CVE-2025-9019: 
NixOS vulnerability analysis and mitigation

A heap-based buffer overflow vulnerability has been discovered in tcpreplay version 4.5.1, specifically affecting the mask_cidr6 function in the cidr.c file of the tcpprep component. The vulnerability was identified in August 2025 and has been assigned CVE-2025-9019. The issue affects tcpreplay versions up to 4.5.1, with confirmation that it has been fixed in version 4.5.2-beta1 (NVD, GitHub Issue).

The vulnerability occurs due to insufficient bounds checking in the IPv6 CIDR mask processing logic. The issue manifests when the mask_cidr6 function attempts to read beyond allocated memory boundaries while processing malformed IPv6 addresses. The vulnerability is triggered through the include option processing path via parse_xX_str at line 89. Specifically, when memory is allocated via our_safe_strdup in doOptInclude for a 2-byte string, the function attempts to read 1 byte beyond the allocated region. The vulnerability has been assigned a CVSS v3.1 base score of 3.1 (Low) with vector AV:N/AC:H/PR:N/UI:R/S:U/C:N/I:N/A:L (GitHub Issue).
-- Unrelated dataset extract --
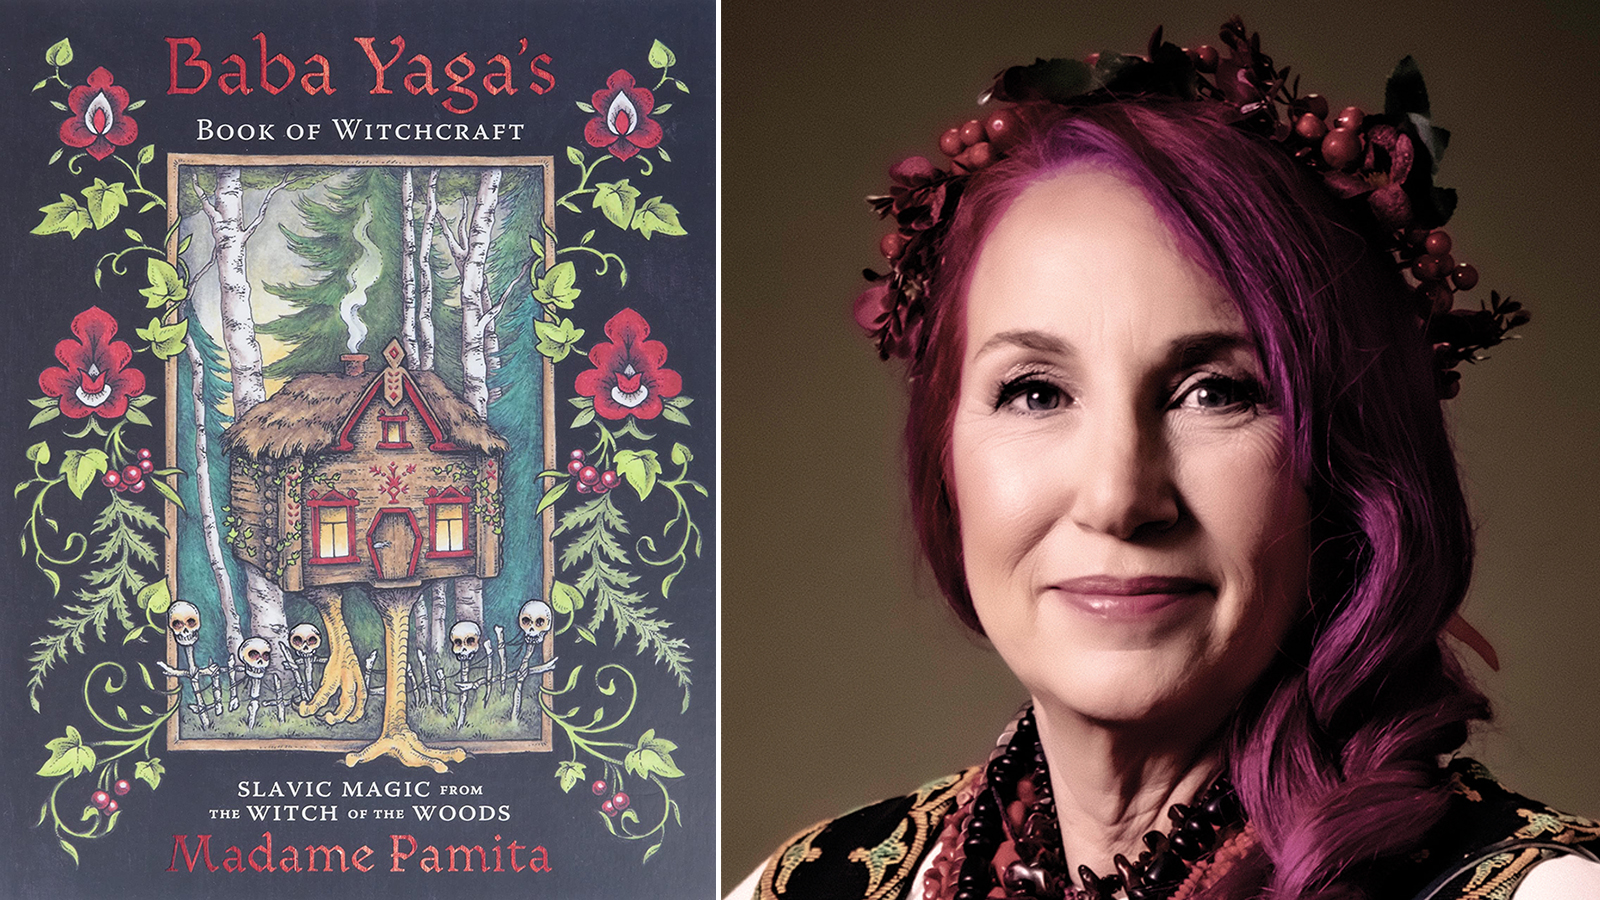 "Baba Yaga's Book of Witchcraft: Slavic Magic from the Witch of the Woods" and author Madame Pamita. Photo by Chris Strother

The exploitation of this vulnerability can lead to heap-based buffer overflow, potentially causing memory corruption and program crashes. The attack can be initiated remotely, though the complexity of exploitation is considered high. While the vulnerability affects availability, there is no direct impact on confidentiality or integrity (VulDB).

The vulnerability has been fixed in tcpreplay version 4.5.2-beta1. Users are advised to upgrade to this version or later to mitigate the vulnerability. The code maintainer has confirmed that the issue is resolved in the 4.5.2 release (GitHub Issue).